Note: Using the **** pattern in large directory trees may consume an inordinate amount of time. In general, for large directory trees, being more specific in the glob pattern can increase performance.

set_column_types
Required

A dictionary to set column data type, where key is column name and value is DataType. Columns not in the dictionary will remain of type string. Passing None will result in no conversions. Entries for columns not found in the source data will not cause an error and will be ignored.

Returns

Type Description

A OutputTabularDatasetConfig instance with instruction of how to convert the output into a TabularDataset.

read_parquet_files

Transform the output dataset to a tabular dataset by reading all the output as Parquet files.

The tabular dataset is created by parsing the parquet file(s) pointed to by the intermediate output.

read_parquet_files(include_path=False, partition_format=None, path_glob=None, set_column_types=None)

Parameters

Name Description
include_path
Required

Boolean to keep path information as column in the dataset. Defaults to False. This is useful when reading multiple files, and want to know which file a particular record originated from, or to keep useful information in file path.

partition_format
Required
str

Specify the partition format of path. Defaults to None. The partition information of each path will be extracted into columns based on the specified format. Format part '{column_name}' creates string column, and '{column_name:yyyy/MM/dd/HH/mm/ss}' creates datetime column, where 'yyyy', 'MM', 'dd', 'HH', 'mm' and 'ss' are used to extract year, month, day, hour, minute and second for the datetime type. The format should start from the position of first partition key until the end of file path. For example, given the path '../Accounts/2019/01/01/data.parquet' where the partition is by department name and time, partition_format='/{Department}/{PartitionDate:yyyy/MM/dd}/data.parquet' creates a string column 'Department' with the value 'Accounts' and a datetime column 'PartitionDate' with the value '2019-01-01'.

path_glob
Required
str

A glob-like pattern to filter files that will be read as parquet files. If set to None, then all files will be read as parquet files.

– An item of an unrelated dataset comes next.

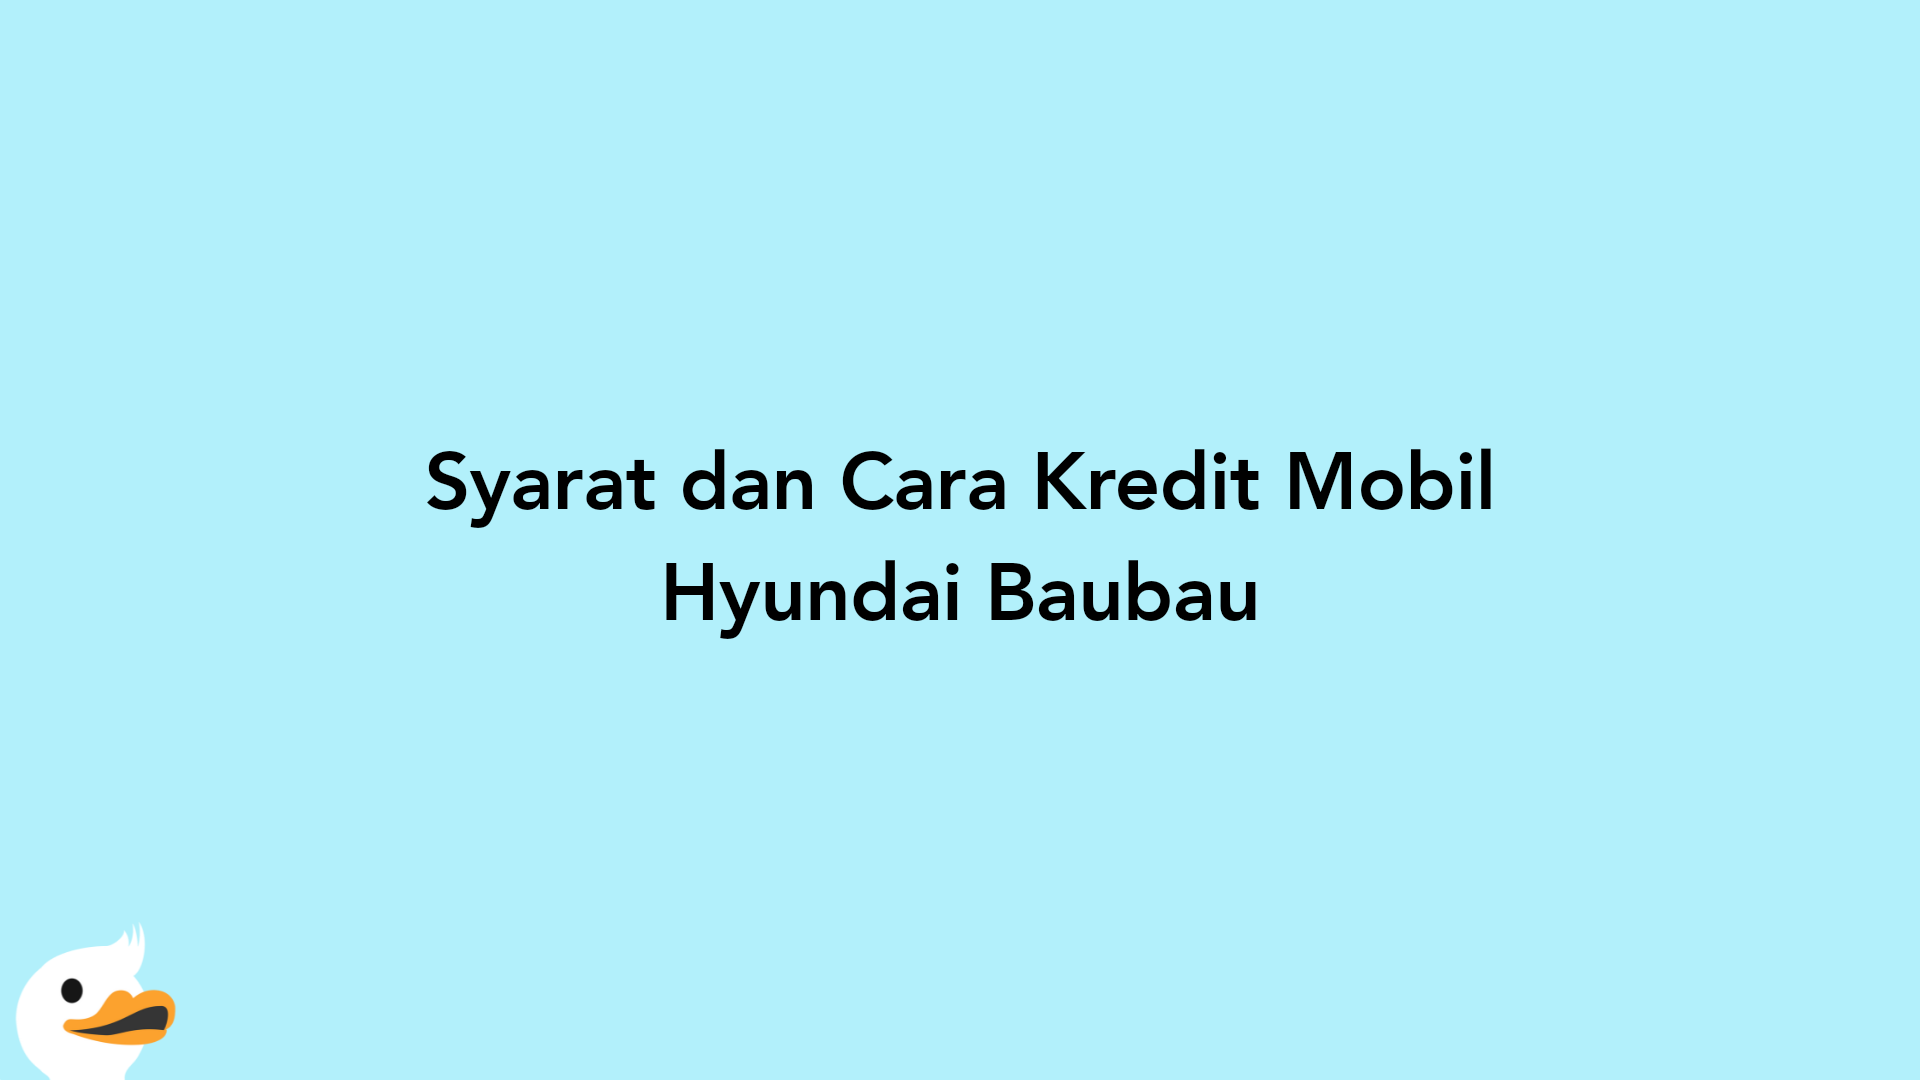 Syarat dan Cara Kredit Mobil Hyundai Baubau

Glob is a Unix style pathname pattern expansion: https://docs.python.org/3/library/glob.html

ex)

  • *.parquet -> selects files with .parquet file extension
  • test_.parquet* -> selects files with filenames that startwith test_ and has .parquet file extension
  • /myrootdir/project_one///.parquet* -> selects files that are two subdirectories deep in /myrootdir/project_one/ and have .parquet file extension

Note: Using the **** pattern in large directory trees may consume an inordinate amount of time. In general, for large directory trees, being more specific in the glob pattern can increase performance.

set_column_types
Required

A dictionary to set column data type, where key is column name and value is DataType. Columns not in the dictionary will remain of type loaded from the parquet file. Passing None will result in no conversions. Entries for columns not found in the source data will not cause an error and will be ignored.

Returns

Type Description

A OutputTabularDatasetConfig instance with instruction of how to convert the output into a TabularDataset.